Example 1: The first example shows a 'schema level' script written in the Groovy language. The script will calculate the Pearson linear correlation coefficient for two variables. The data for the variables are obtained as entity.field(s) contained in a given data set defined in SQL. We think this script might be highly useful when deciding upon the distinct variables to employ in the construction and analysis of QSAR expressions/models, derived from your data model. In order to help show the script as a useful template, for other such approaches, we can break the script into it's three conceptual parts:
A Groovy class called 'QueryBuilder' which will return a 'sample' result set from a RDBMS table.

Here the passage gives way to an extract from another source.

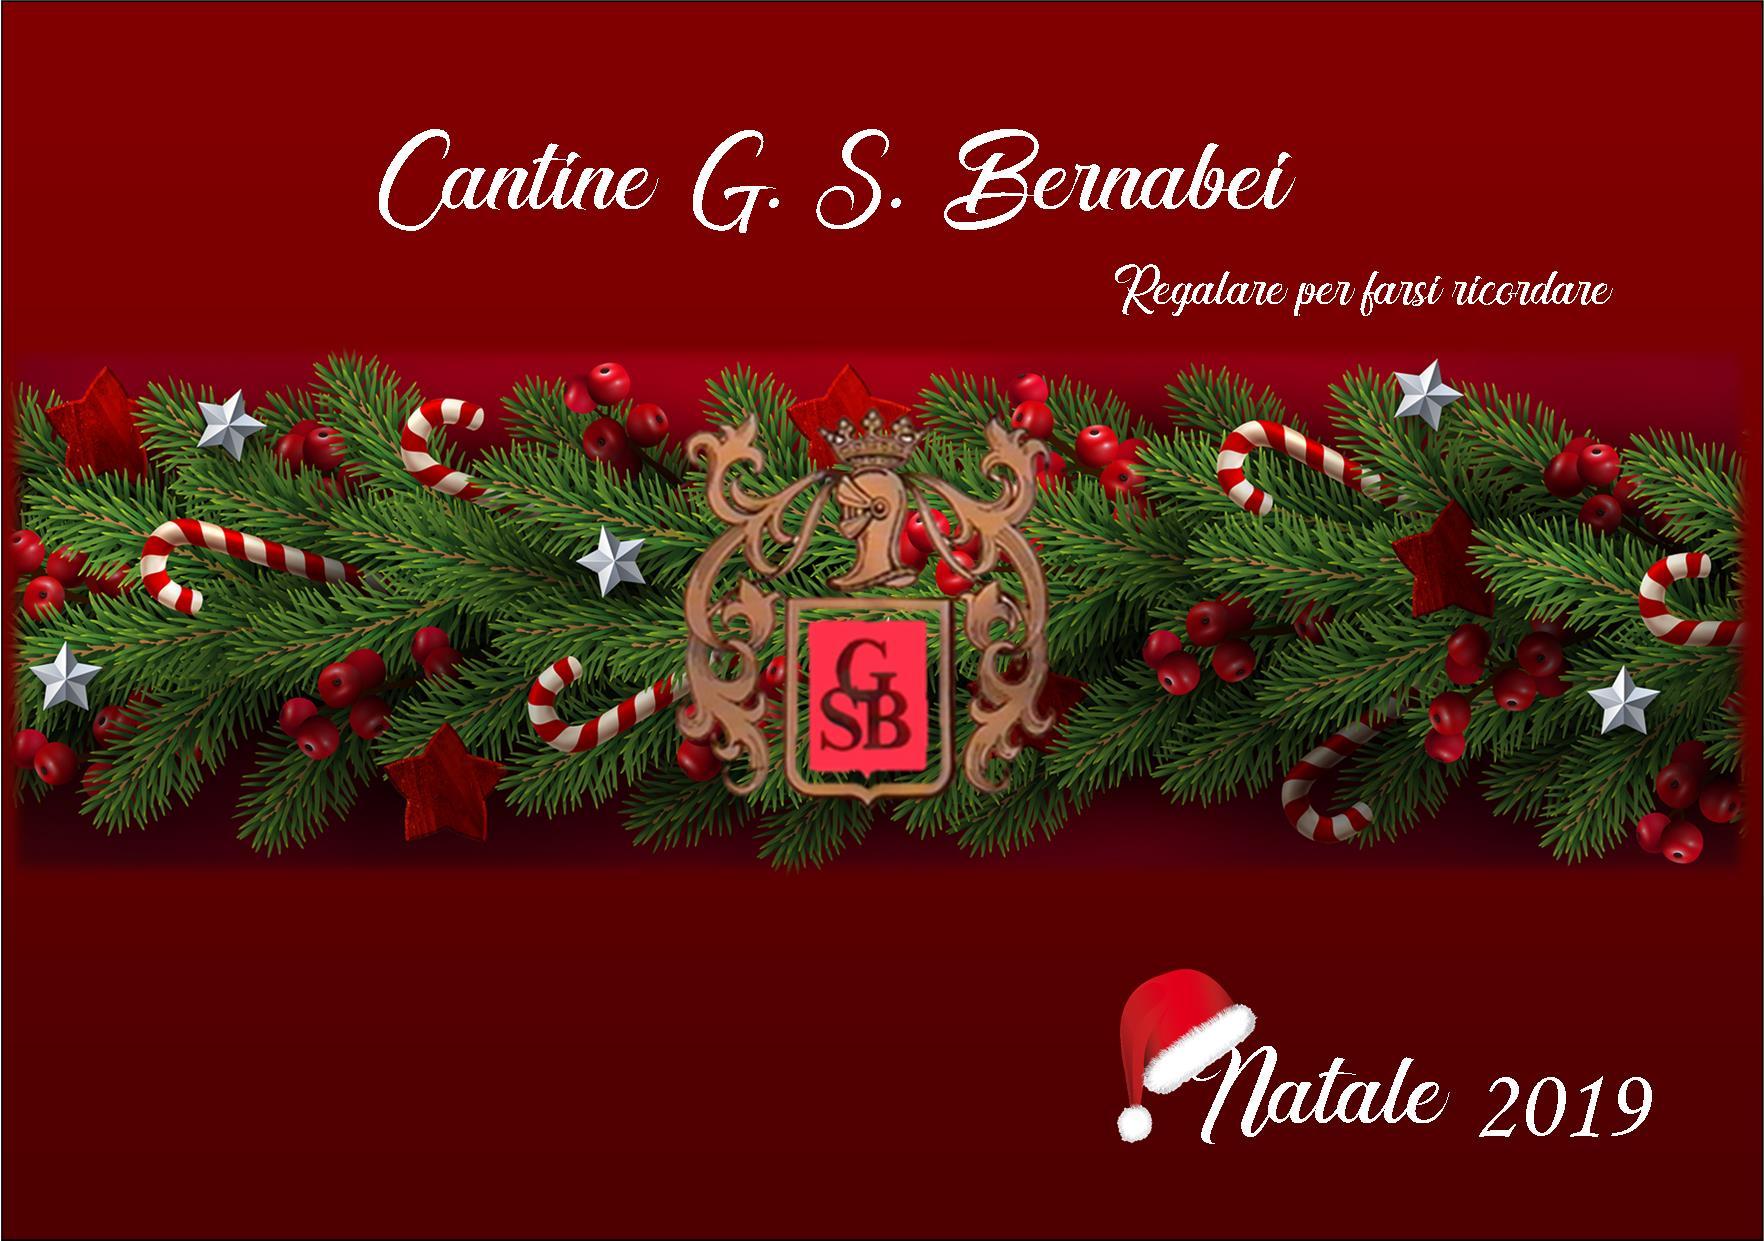 Ceste natalizie vendita online

A Groovy function called 'Pearson' that implements the correlation coefficient over the sample set
A Groovy SWING window which provides the user interface to the record set and Pearson computation
QueryBuilder class This class obtains an internal injected connection and executes the stated SQL statement in order to obtain the sample results set. This class can be instantiated with a SQL WHERE clause filter. It returns the fields from a JChem table separately for binding to the SWING controls and for use in the calculations. Currently, the SQL must be edited in the class, by the user who runs the script. The entity in use is a JChem structures entity, with logP and TPSA field calculations already added.
Pearson function This function accepts two lists of data (X and Y) and returns the Pearson Correlation coefficient. It is easy to replace this function with your own linear correlation coefficient implementation.
Swing interface The SWING interface shows the results of the SQL statement and provides two navigation buttons 'Next' and 'Previous'. There are two drop down boxes that can be used to select the 'X' and 'Y' variable choices for the Pearson calculation. Finally, there is a button to compute the coefficient. This calls the function and sets the adjacent text box value with the return result 'r'. You are encouraged to try different SWING formats! Currently the drop down box is hard coded with known fields for the entity defined.
Example 2: The second example is a more evolved version. The code(function) for calculating the Pearson coefficient now includes a call to an external grape library. This should be a more efficient way and might handle much larger X and Y data sets better than completing the same calculations in the Groovy language. Coming soon in version 5.9!